Phase 4: Implementing faster maturation
We aim to improve the response time of our visualization system. As stated, our model shows that this can be done by using a faster maturing fluorescent protein. During our "Fluorescent Protein" project we tested a number of fluorescent proteins, of which mVenus showed the fastest maturation time. Furthermore, mVenus is designed to have a fast maturation time [1], which is exactly what we need! We show here how this experiment was designed.
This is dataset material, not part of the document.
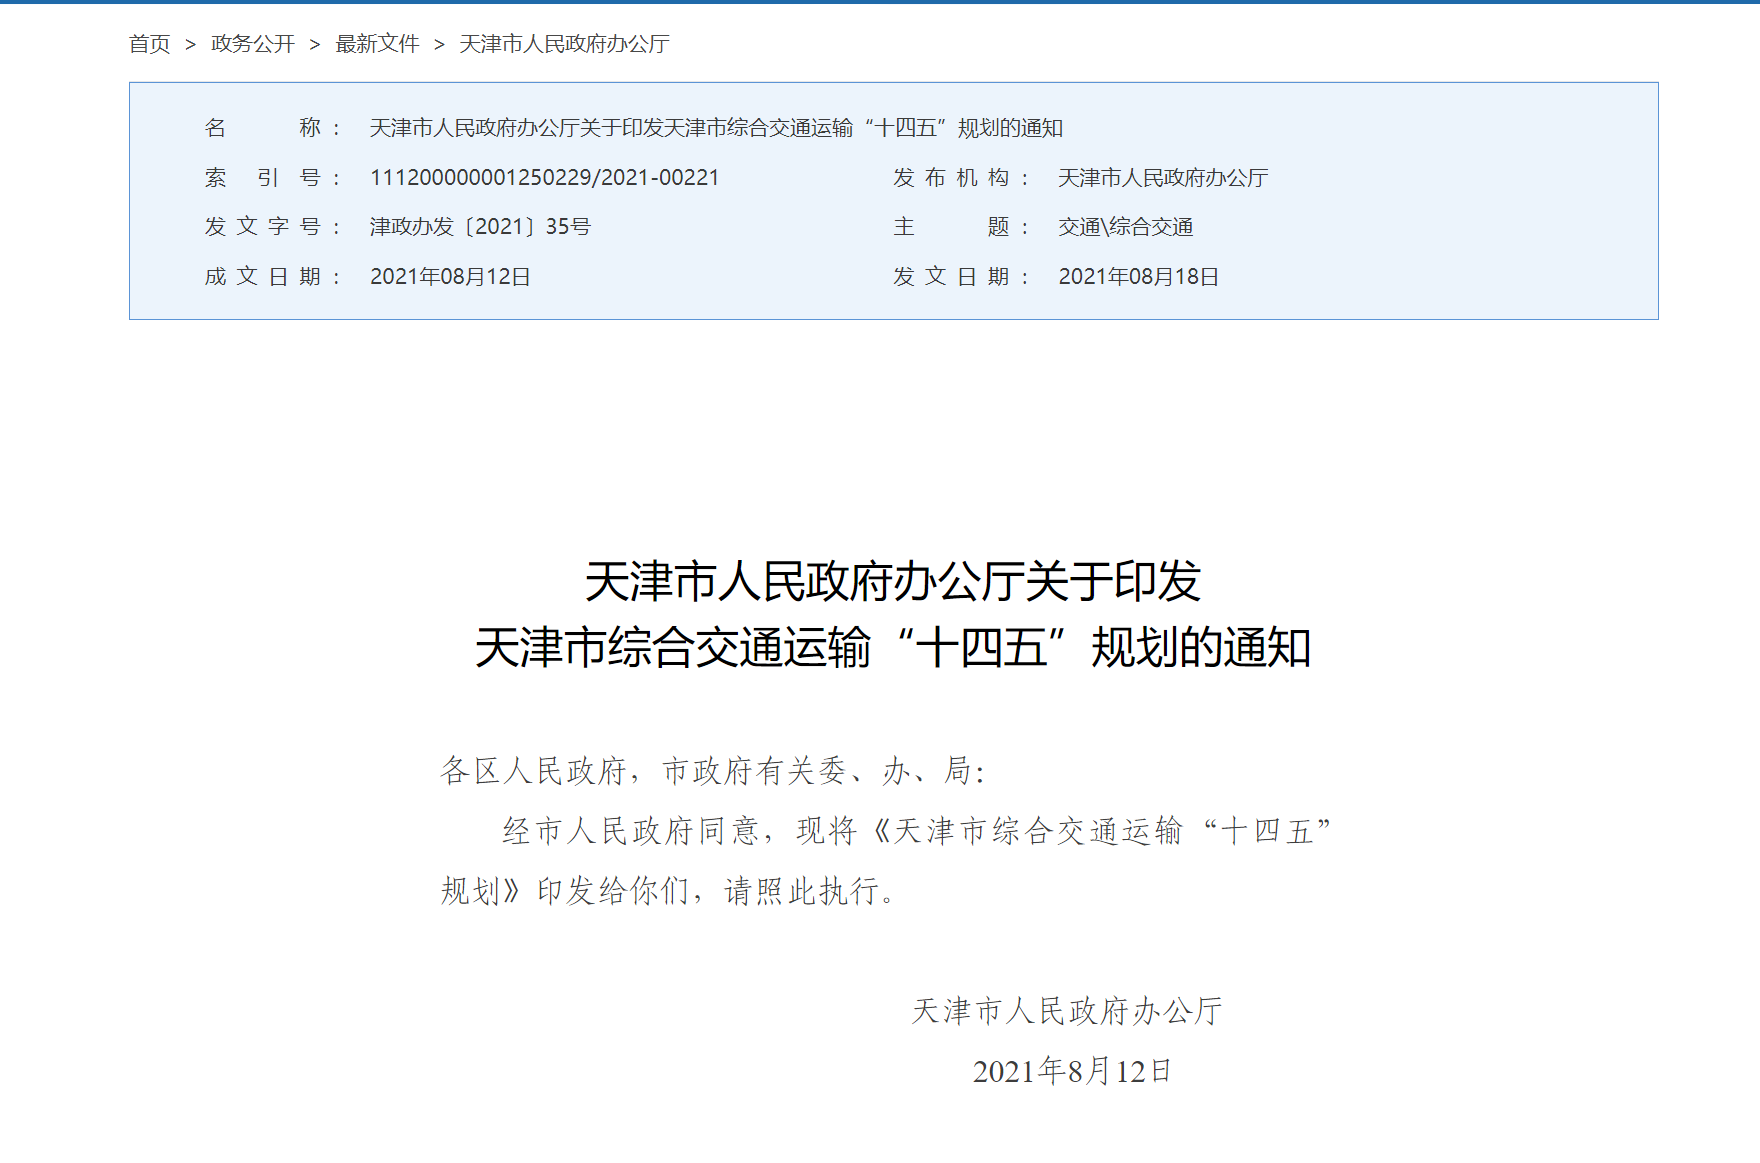 天津交通“十四五”规划公布 空港板块价值再度提升_中国网地产

The results show that usage of mVenus over eYFP as a reporter protein increases the produced fluorescent signal over five times! Unfortunately, the background signal also increases a lot, which means we lose a lot of specificity. We hypothesize that the maturation rate of mVenus is too high, which means that many non-specific interaction become irreversible, leading to high fluorescent signals, even when no activator is present. This means that mVenus is not a suitable candidate to visualize antigen binding. Through literature research we confirmed this hypothesis [2].
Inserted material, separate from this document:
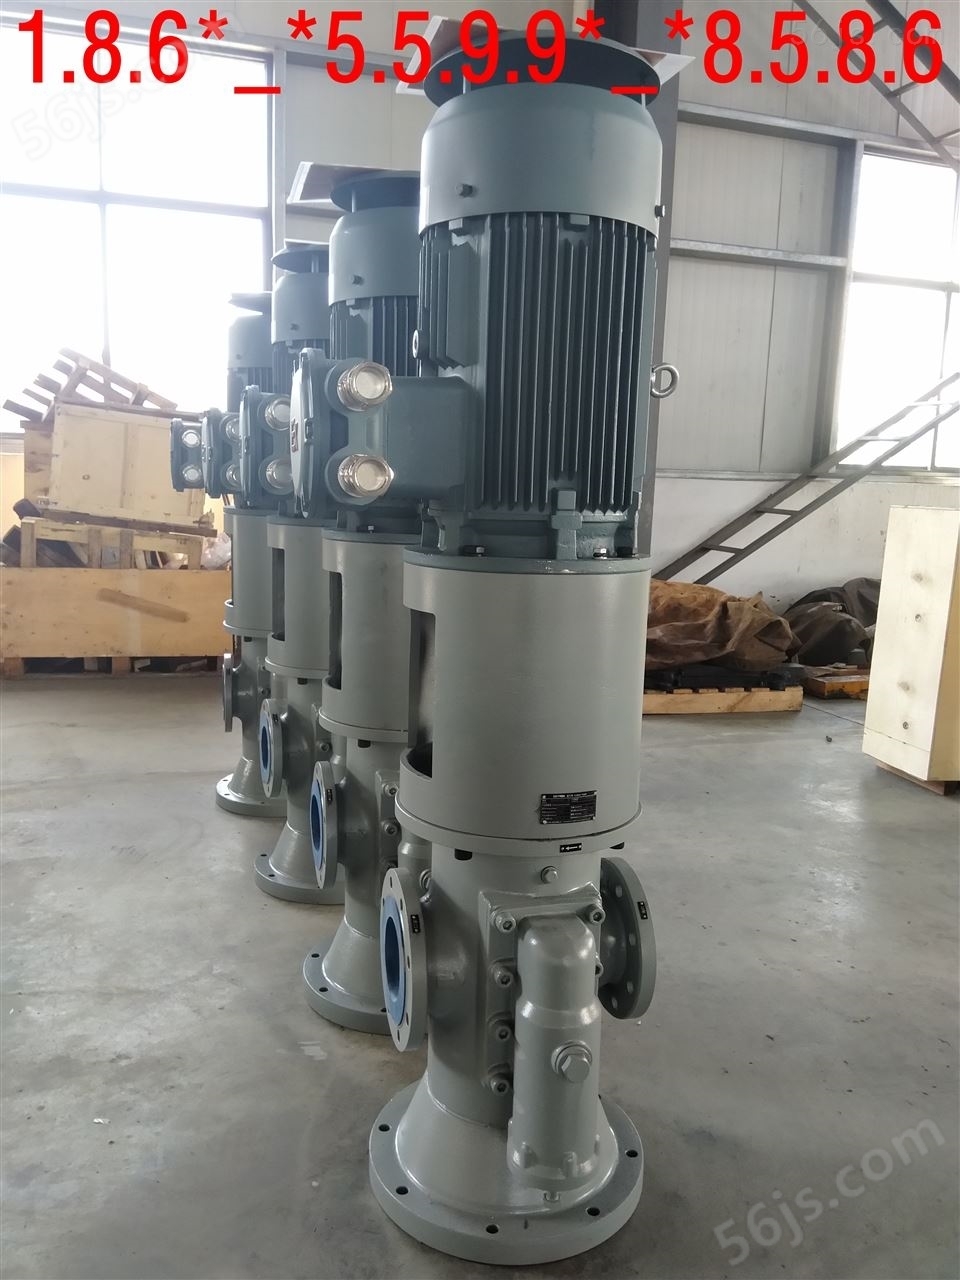 螺杆泵HSNS1300-42黄山铁人泵业耐磨螺杆泵

During this project, more reporter proteins were tested. Due to time constraints, we were unable to model these systems. At this moment, we recommend using sfGFP as a reporter for antigen binding. We found out sfGFP is thermostable, has suitable maturation rates at high temperatures, while still being one of the brightest reporters we tested.
Conclusions
During this project we modeled and experimentally tested several methods to find the optimal visualization method to use in Mantis. Three strategies were tested to find the optimal visualization method of antigen binding using the Cpx pathway. In the end, it was clear that fusion of eYFP-termini to CpxR and measuring its dimerization shows clear fluorescence within two hours after activation, even in low concentrations! This demonstrates that we found a potentially usable method of rapidly and specifically measuring antigens in blood.
During this project, we constantly implemented results from the computer modeling into the experimental design, and vice versa. Doing so, we were able to predict correct induction and activation levels. This yielded experimental results which could be implemented in the model and gave us indications on how to perfect Mantis.
Furthermore, we had time to integrate this combined modeling and experimental project with another wet lab projects, where we analyze several split reporter proteins to potentially use in Mantis.
References
- Nagai, T., Ibata, K., Park, E. S., Kubota, M., & Mikoshiba, K. (2001). A variant of yellow fluorescent protein with fast and efficient maturation for cell-biological applications. Nature Biotechnology, 20, 1585–1588.
- Shyu, Y. J., Liu, H., Deng, X., & Hu, C.-D. (2006). Identification of new fluorescent protein fragments for bimolecular fluorescence complementation analysis under physiological conditions. BioTechniques, 40(1), 61–66.